Major paradigm shift?
Yes. (I'm in a mood to be blunt and direct.)
Are SaaS companies in trouble?
If they don't pivot hard fast, yes. Most will start to fail soon.
What about other kinds of software companies?
Same answer.
I thought AI was going to make software companies lots of money?
There's tons of money to be made, but software is now already a commodity for those who have figured out how to leverage AI agents for coding.
I thought AI code was slop?
It can be. But at this point there's no doubt at all.
The age of making millions because software is useful, really hard to make, but nearly infinitely scalable, is over.
If you've been on the inside of this shift over the last couple years, actually coding real things, increasingly leveraging AI (even though you have the skill to do it yourself), you know what I mean. If you're not in that group--if your perception of AI-utility is still shaped by the era of problematic, non-deterministic, hallucination-prone chats with an LLM--you will likely think I'm being a little hyperbolic. (Note: the pseudo em-dashes are mine. I'm a real human who can't be bothered to remember the key combo to spit one out right now.) Maybe I'm just reading trends and thinking too-optimistically, "we'll get useful AI soon." No. That's not it.
This is not a future prediction anymore. There is still plenty that no-one knows about how this will play out, but useful agentic coding for real work is here today.
Isn't AI an overblown marketing gimmick that nobody really wants?
I get it. I don't want AI junk features in my accounting software either. Most of what I see people tacking on to their SaaS offering is junk. I can see why many are convinced that this AI trend is just a misguided economic bubble full of promises that have not materialized. I agree--to an extent. But here's the thing: Those AI-add-on use cases to keep your SaaS relevant are mostly a dead end. They're the temporary churn of mass missing-the-point.

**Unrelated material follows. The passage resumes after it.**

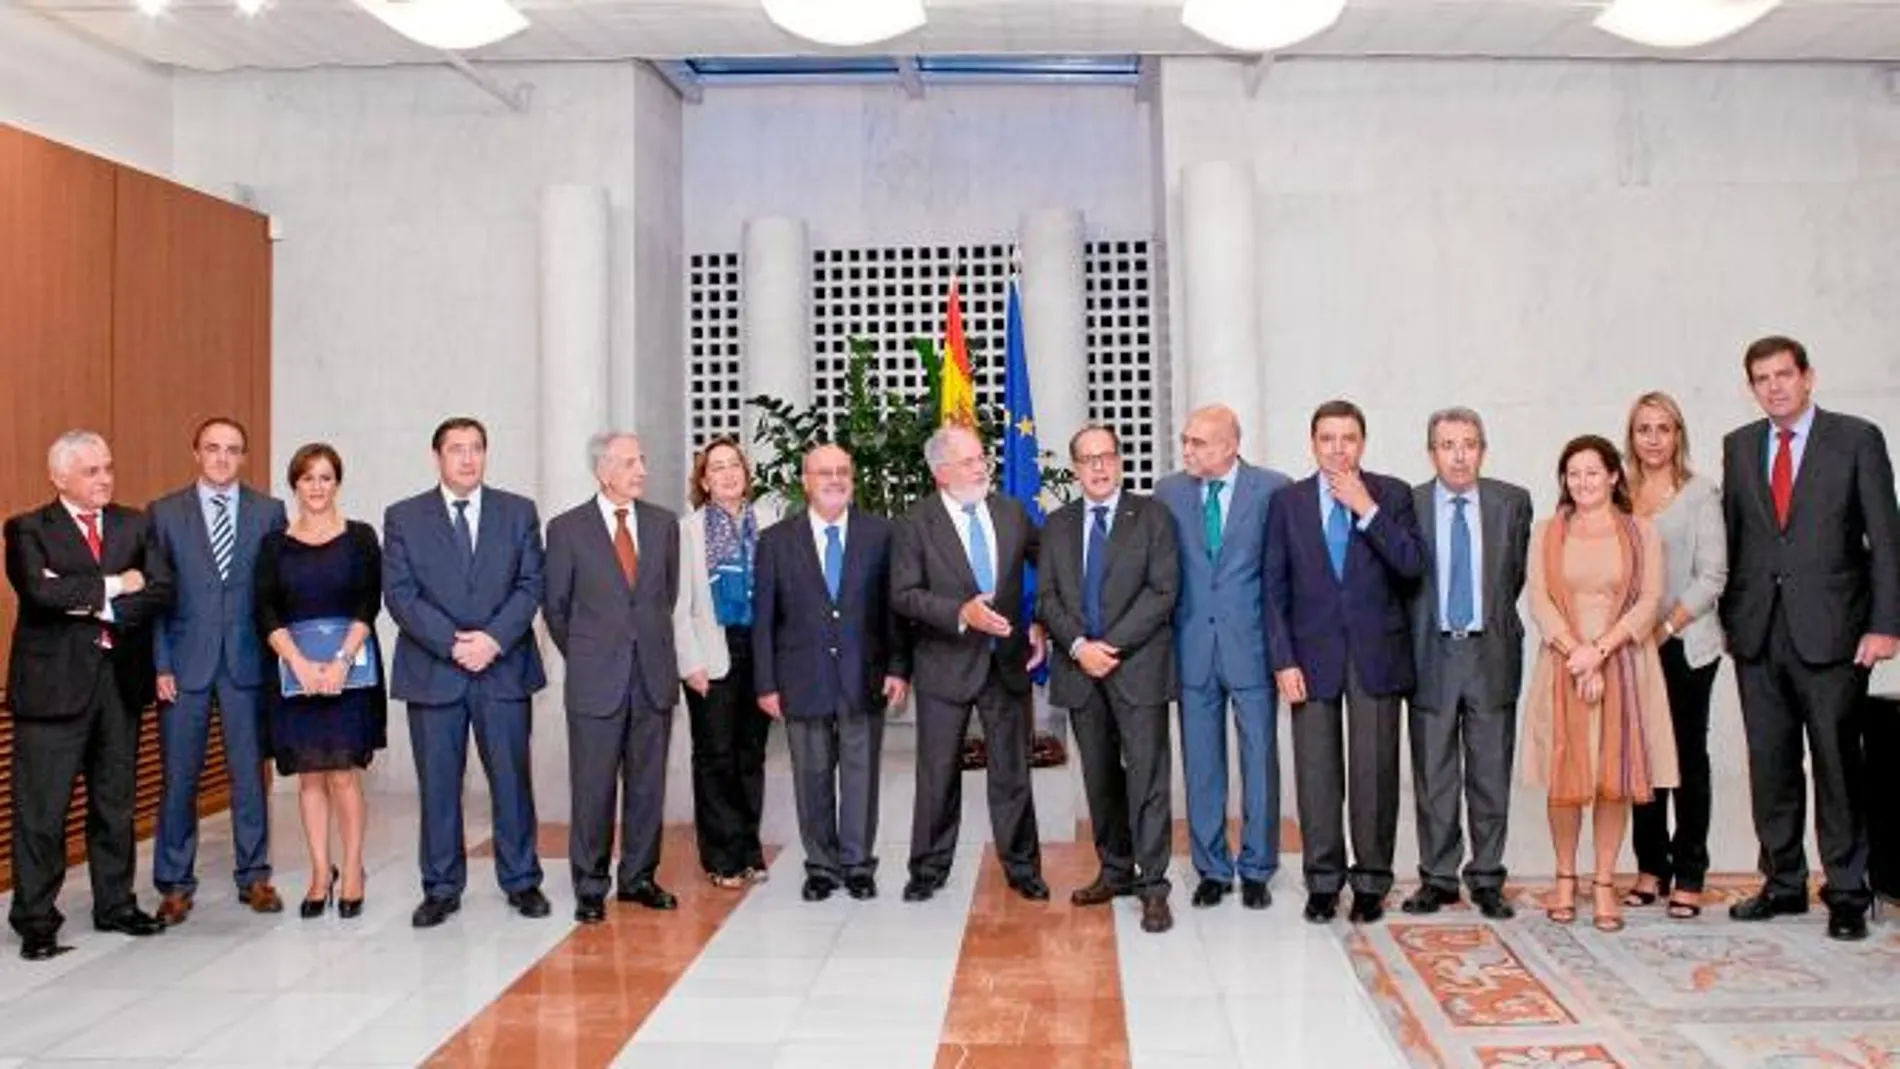 La consejera Silvia Clemente, junto al resto de consejeros, el ministro Arias Cañete y Luis Manuel Capoulas

LLM's are non-deterministic.
I'm an engineer. I have technical depth enough to have caught blatantly-ridiculous errors from LLM's for years now. But my perspective on this goes further back than that. I sat in a university lab in 2000, having learned neural network math, and coded a C program to train an algorithm to recognize letters on blocks and then used that to program a robot arm to sort blocks with previously-unseen shapes and fonts of letters into the right piles.
Recent "AI" hype aside, neural networks and machine learning techniques proved their utility in real applications a long time ago.
But since LLM's are non-deterministic, that means they're unreliable, right?
Well, humans are non-deterministic too. Statistical probability might be non-deterministic, but it's not useless slop. For humans on an assembly line, we make jigs and fit-one-way components so our non-deterministic friends can get it right with six-sigma levels of confidence. How do you leverage AI agents for real business utility today? There's your free hint for today.